The model had an AUC of 0.87. The business was satisfied. But the 10-hour end-to-end training cycle meant that model updates took over a day to deploy. Hyperparameter experiments were nearly impossible - each trial took 4 hours. When a regulatory requirement emerged that demanded model interpretability, the team couldn't clearly explain what the 512 features represented or which ones actually drove decisions.
The engineer ran a systematic feature selection analysis. The result: 47 features produced a model with AUC 0.868 - within 0.002 of the full model. The training pipeline took 45 minutes. The feature pipeline took 30 minutes. The total cycle dropped from 10 hours to 75 minutes. The model became explainable.
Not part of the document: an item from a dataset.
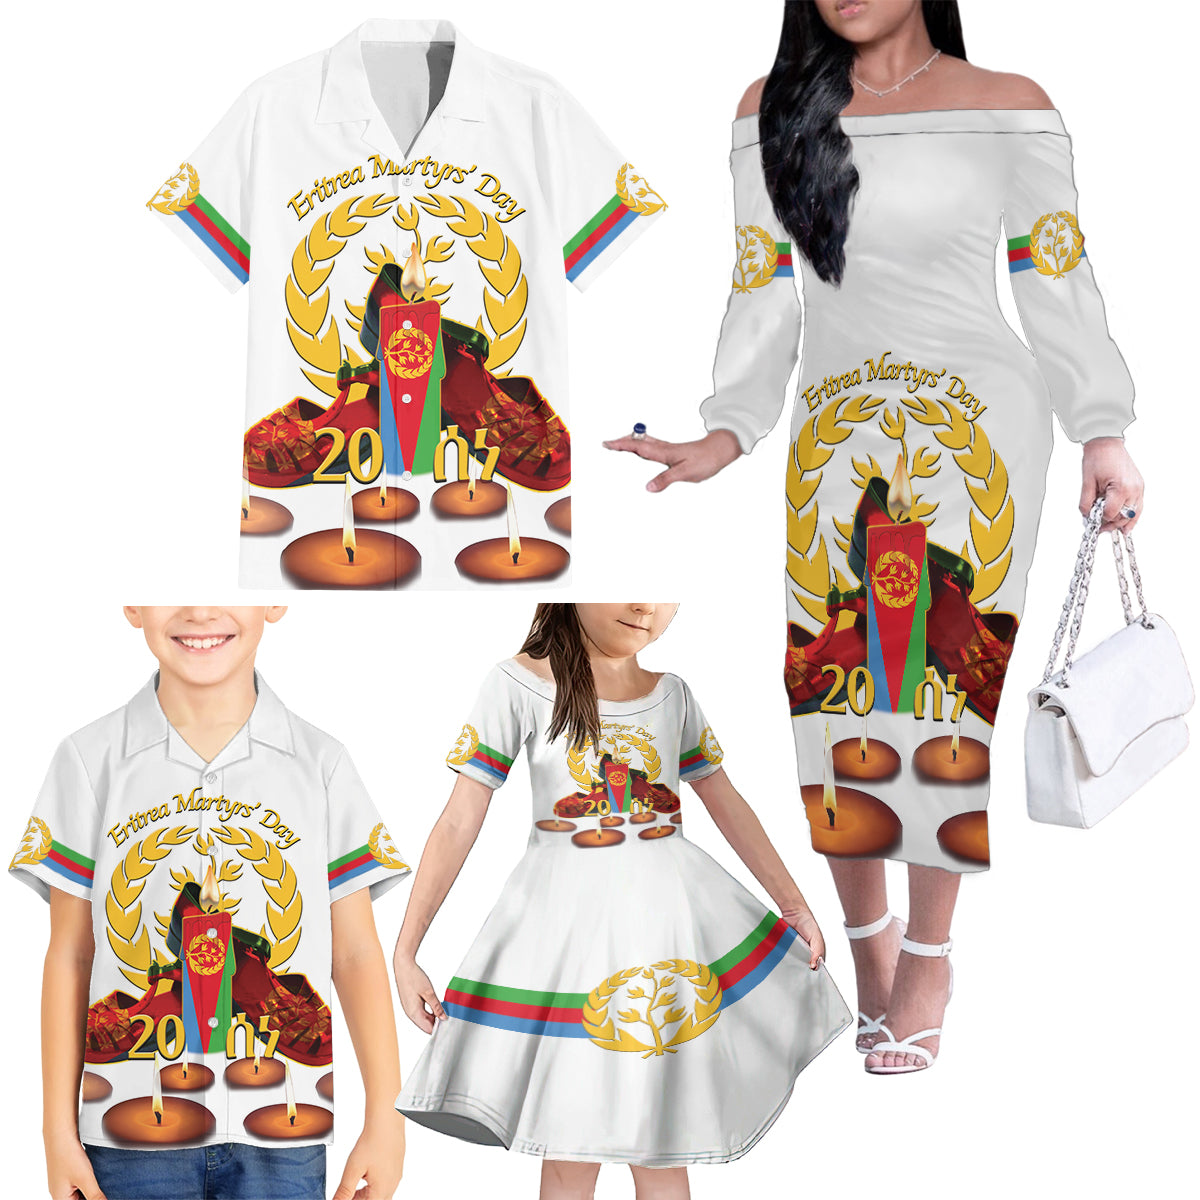 Custom Eritrea Martyrs' Day Family Matching Off The Shoulder Long Sleeve Dress and Hawaiian Shirt 20 June Shida Shoes With Candles - White

Feature selection is not just about performance. It is about maintainability, interpretability, compute cost, and inference latency. This lesson covers the methods that make it systematic.
:::tip 🎮 Interactive Playground Visualize this concept: Try the Feature Selection Methods demo on the EngineersOfAI Playground - no code required. :::
Why This Exists: The Curse of Dimensionality and the Noise Problem
Adding features to a machine learning model does not monotonically improve performance. Beyond a certain point, additional features introduce noise that the model must learn to ignore - which requires more data, more training time, and produces a more overfit model.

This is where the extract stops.